The scoring method for the 2016 prediction contest didn't properly reward well calibrated predictions, which we are going to fix this year using logarithms! From a correspondent:
Log scoring is a “proper scoring rule" which means your score is maximized (expected) by reporting the true probability distribution.Do keep in mind that for this year's contest you need to be careful with very low or very high probabilities.
As a note, you can shift the scores around (linear transformations) to have certain properties pretty easily. Some examples:
Scoring LN(P(correct)/0.5) or LN(P(correct)) - LN(0.5) gives you scores that would be 0 if someone assigned a 50% probability to everything.
Doing that and then dividing each score by LN(2) gives you a final score that will just be equal to the total number of items scored if someone chooses everything correctly at 100% confidence.
In every case, being confident and wrong sends you toward a score of negative infinity.

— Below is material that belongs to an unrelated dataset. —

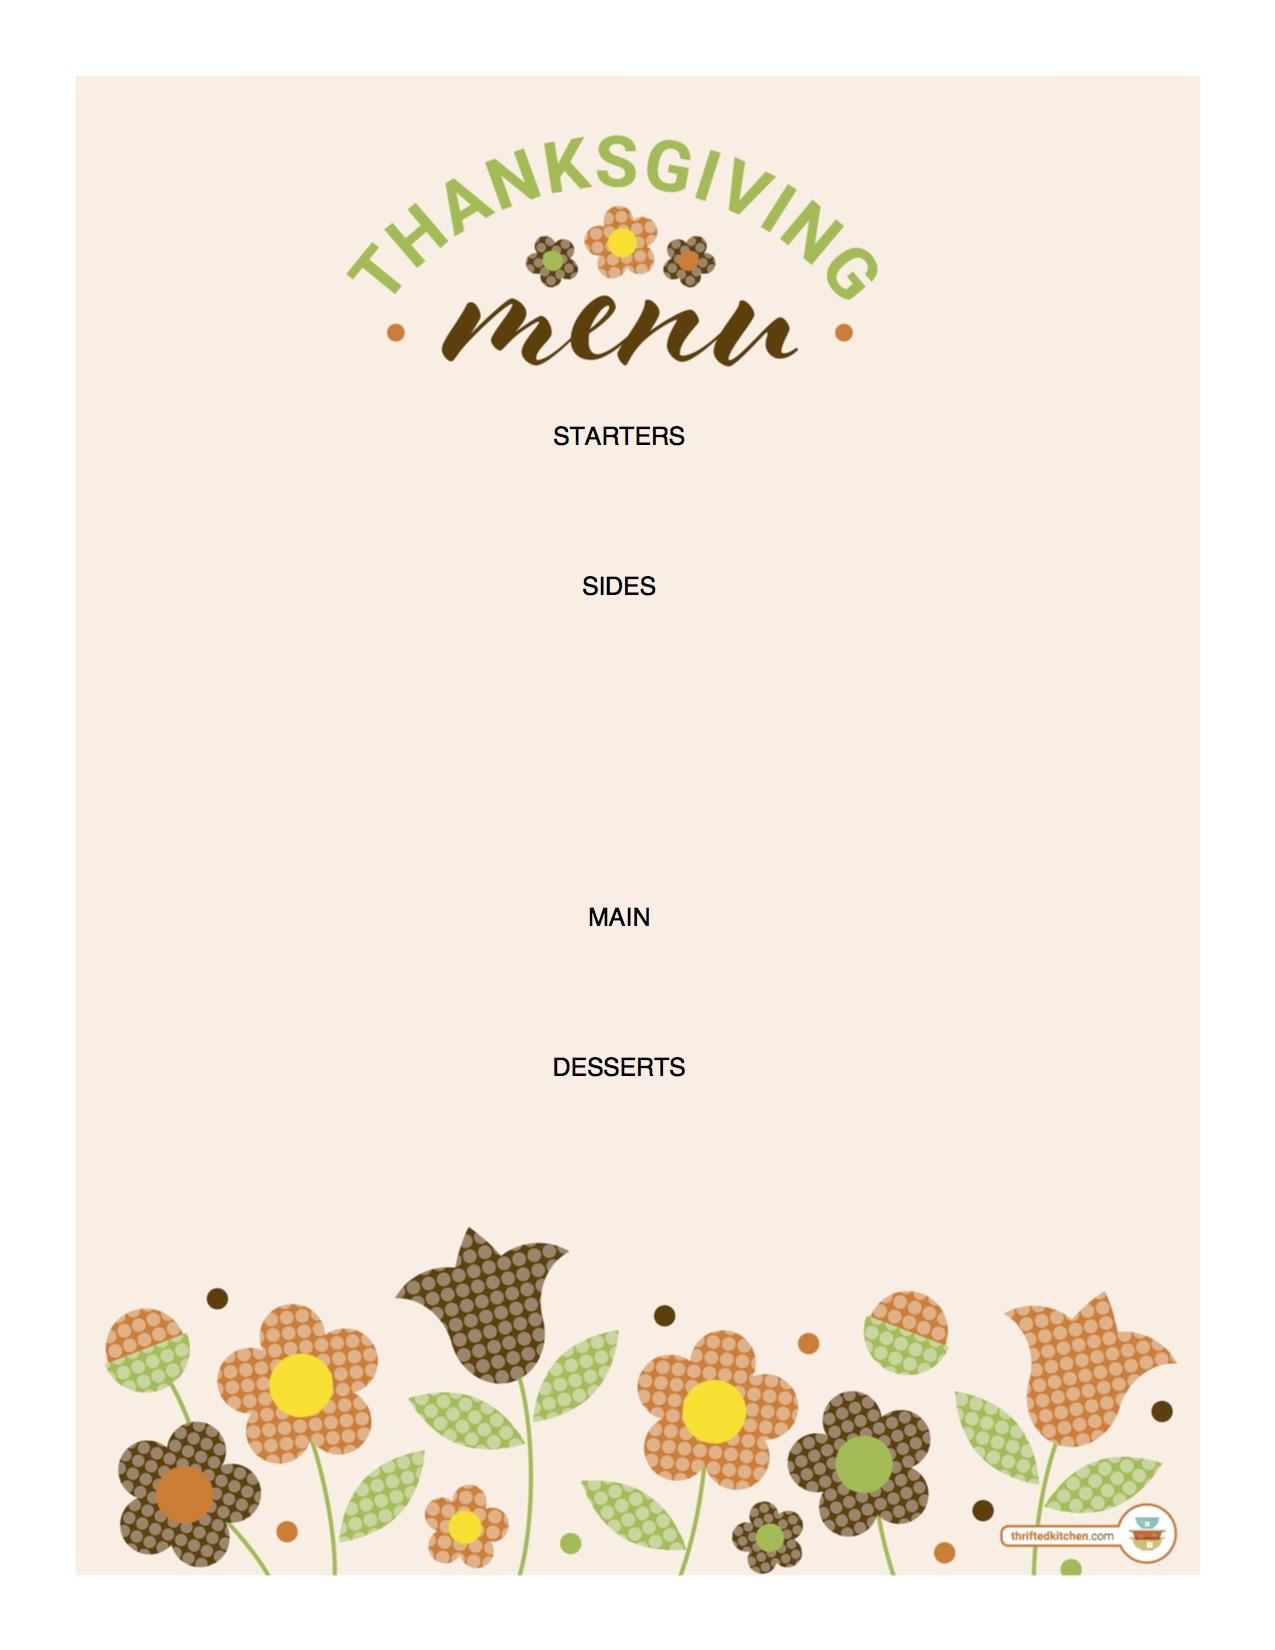 Thanksgiving menu template word vaydileforic thanksgiving menu template word maxwellsz
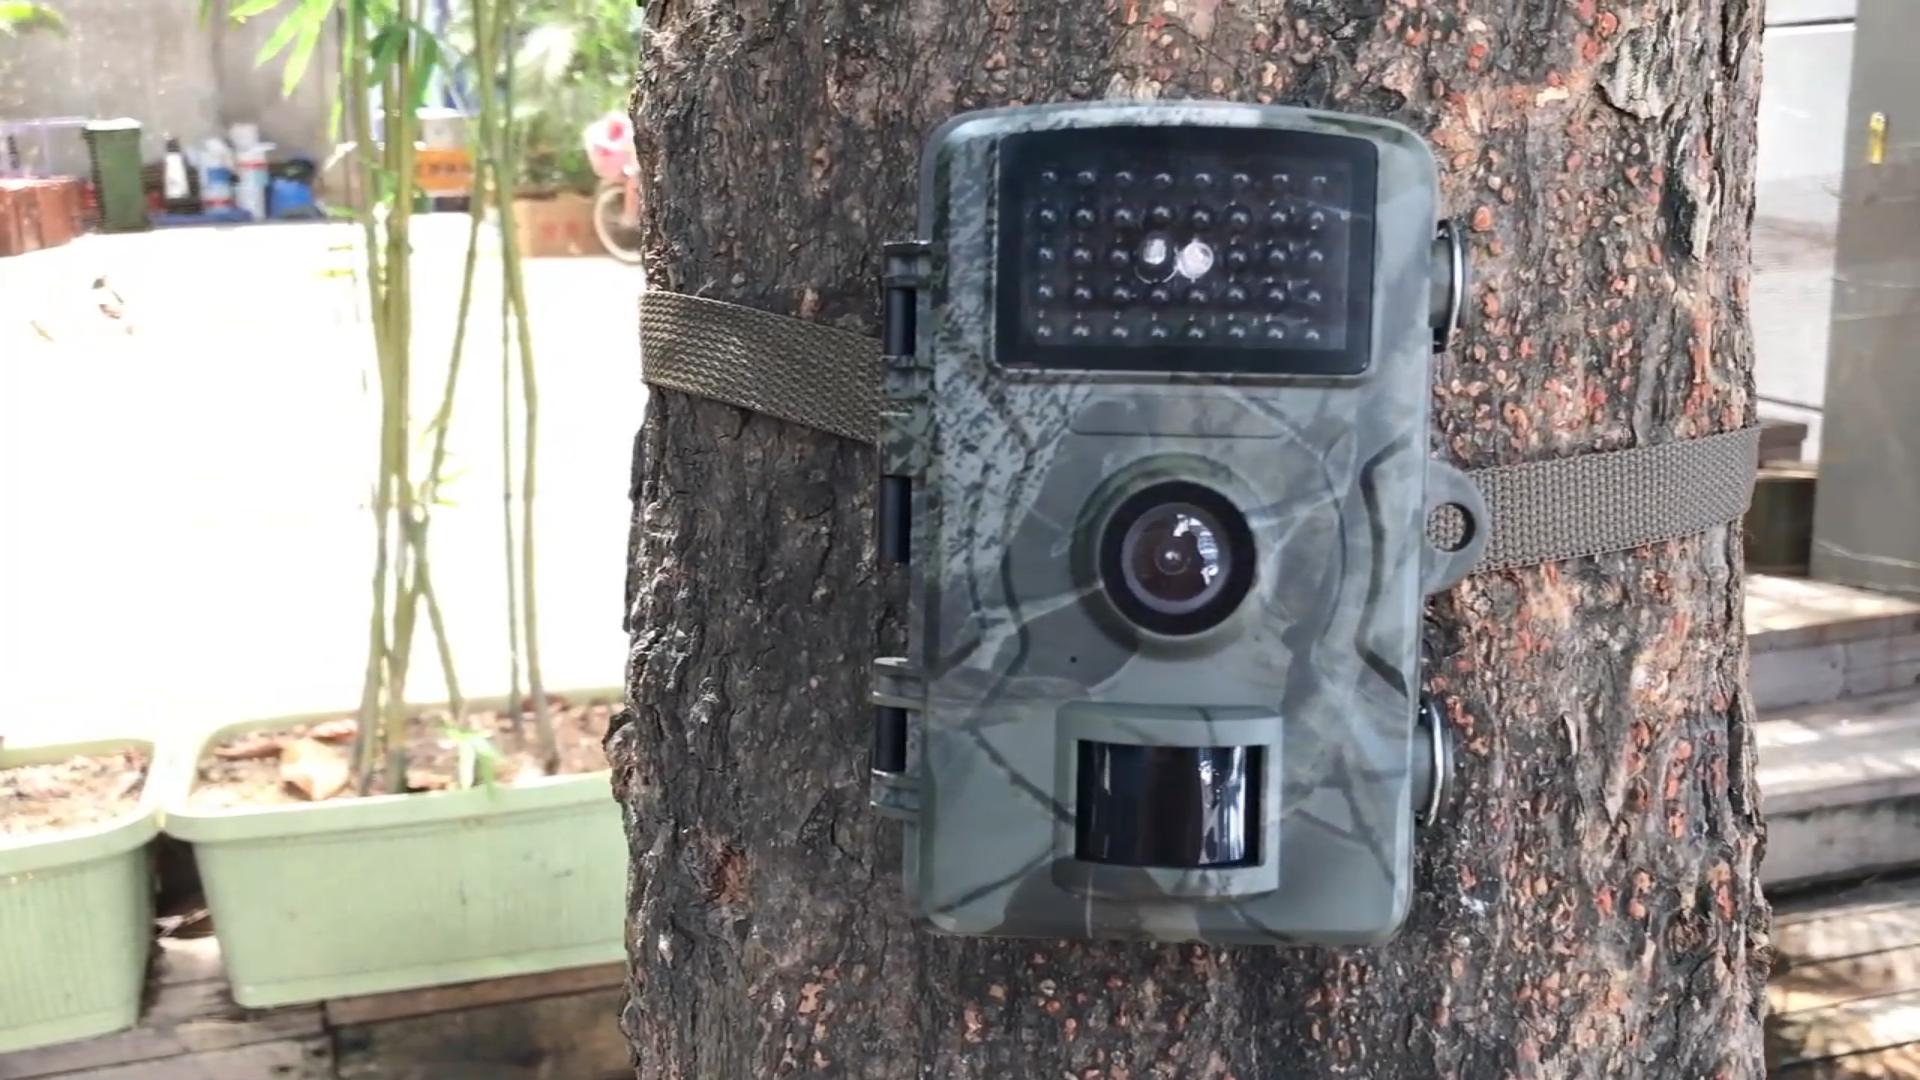 Animal Observation hunting camera   12MP 1080P Night Vision 15M  outdoor trail camera

I took a decision analysis class in grad school where the tests were probabilistic multiple choice. The professor made very clear that assigning a probability of zero to something meant you were willing to risk failing the class if you were wrong (and apocryphally had failed a former student). It ended up being pretty typical to assign 0.94/0.02/0.02/0.02 most of the time and move the high score downward when you were less sure. You didn't want to expend too much mental energy on calibration.
Another fun activity was having everyone in the class write down what probability range they had in mind when they used phrases like: probably, most likely, as likely as not, maybe, certainly, etc. The lesson was that even if you personally had a well defined notion of what you meant by those terms, it didn't matter when communicating because other people have wildly varying notions.
I re-scored the 2016 contest with log scoring, first converting all 0% to .001 and all 100% to .999.
Interestingly, the winner of the contest remains the same. However, the losers changed and are two guys who made a lot of wrong and extreme 0/100 bets.